Dividends are further increased in line with the progressive dividend policy of no less than 10% growth per annum up until 30 November 2016, with a proposed interim dividend of 1.391 pence per share (H1 2015: 1.265 pence per share).

As stated at the time of the Final Results, the Company has been successfully realigned to create two drivers of growth and shareholder value - focusing on hybrid TV and Cloud services respectively. The enhanced portfolio and clear propositions have allowed the unified and enhanced and better focused sales team to make encouraging early traction demonstrated by improved sales pipeline visibility into the second half of the year.

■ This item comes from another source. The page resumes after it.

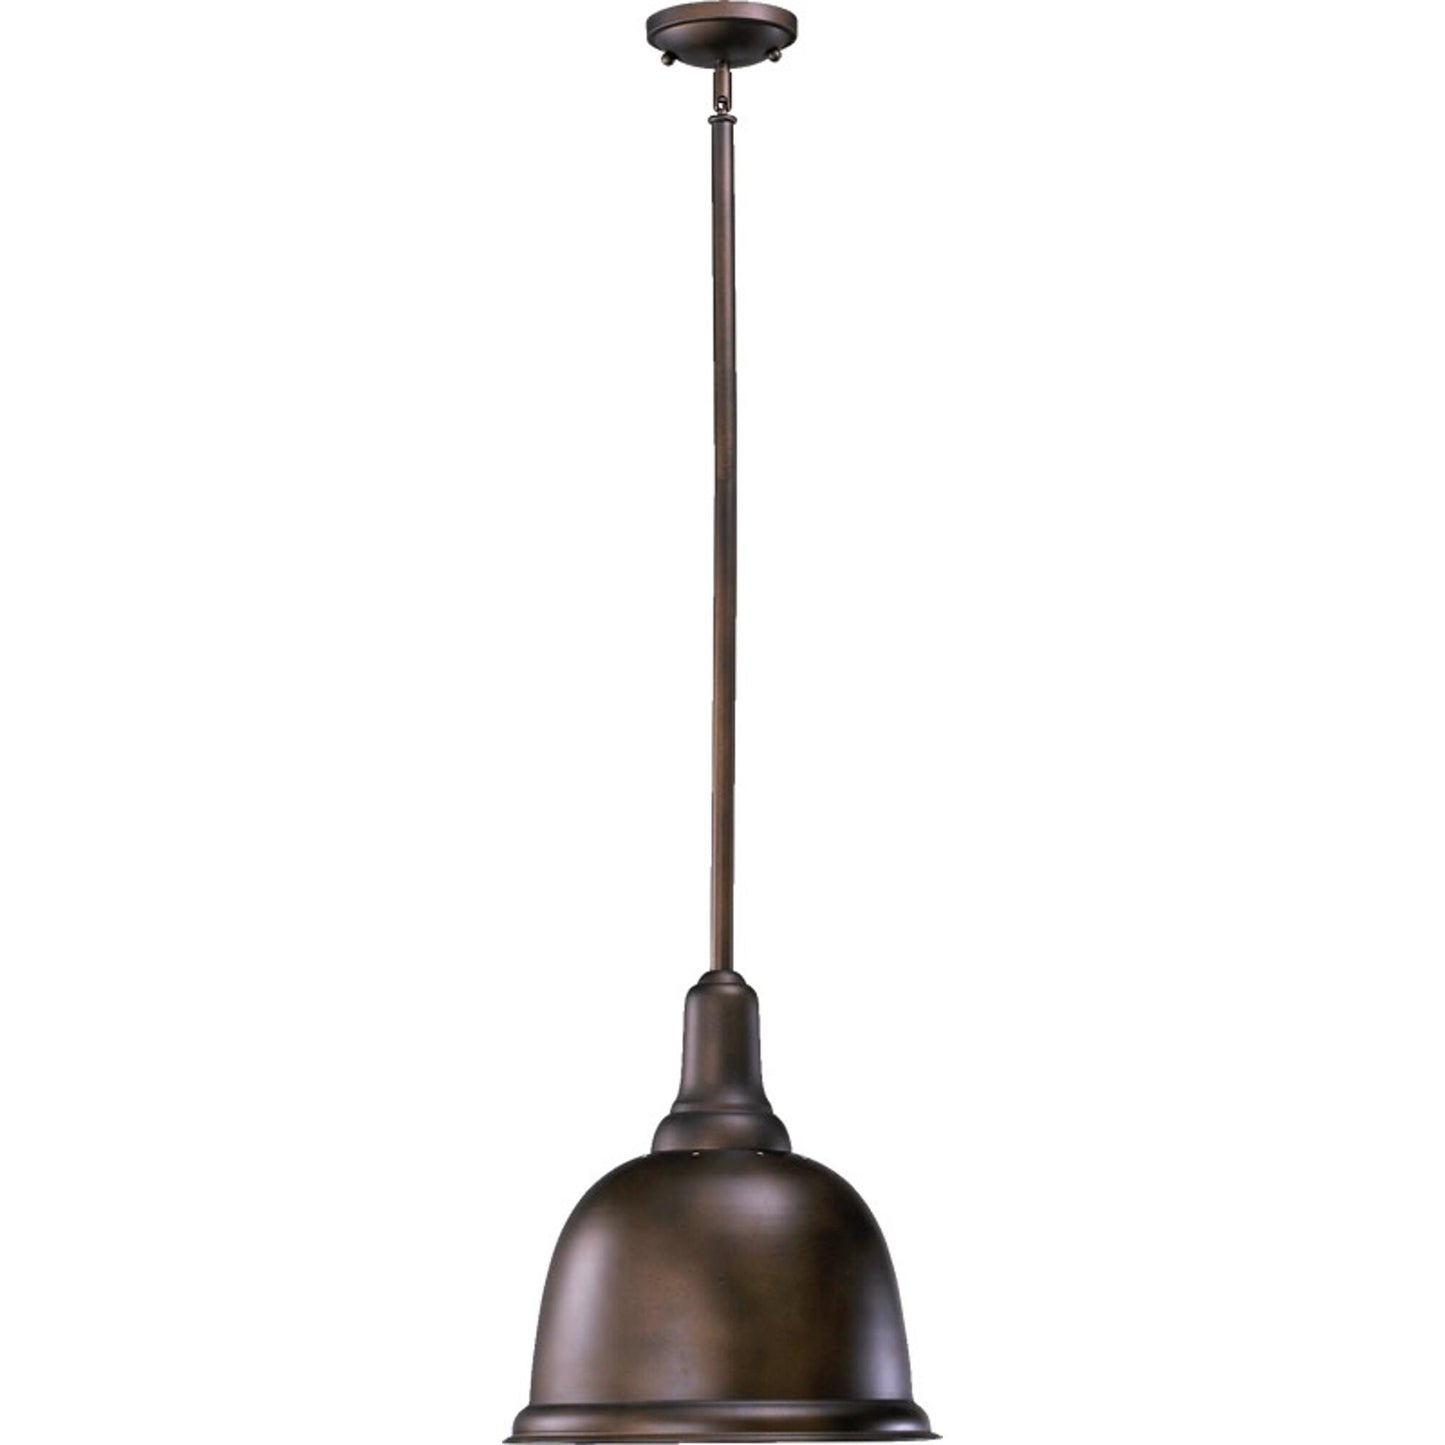 14w 1-Light Dome Pendant Oiled Bronze by Quorum. Traditional Design Perfect for updating a kitchen island, over a bar, or adding a fresh look to a bathroom

Growth across customers and markets:

Amino's addressable markets are at varying stages of maturity but all offer opportunities for elements of the Company's enhanced portfolio, underlining the strategic rationale of the acquisitions successfully completed in 2015.

Latin America remains a key focus of sales and marketing activity as operators transition to IPTV deployments as they build out fibre networks and de-regulation opens up new opportunities for agile new market entrants. Encouraging progress was made with existing customers, with the Company securing substantial proportions of dual sourced contracts and new wins with national operators rolling out IPTV services for the first time.

The Company now enjoys a strong position in the North American tier 2/3 market with continued traction with both cable and IPTV customers. In February, a contract was announced with Cincinatti Bell Inc. to migrate its legacy IPTV devices to the Amino Enable™ TV software platform and it's pleasing to report that this is progressing well. New contracts have also been secured with a number of regional operators, including the first deployment of the Fusion Home monitoring solution. Increasingly, customers are also looking for ways to better manage network quality, with growing demand for the Engage™ service assurance platform as a value-added element in an IP device sale.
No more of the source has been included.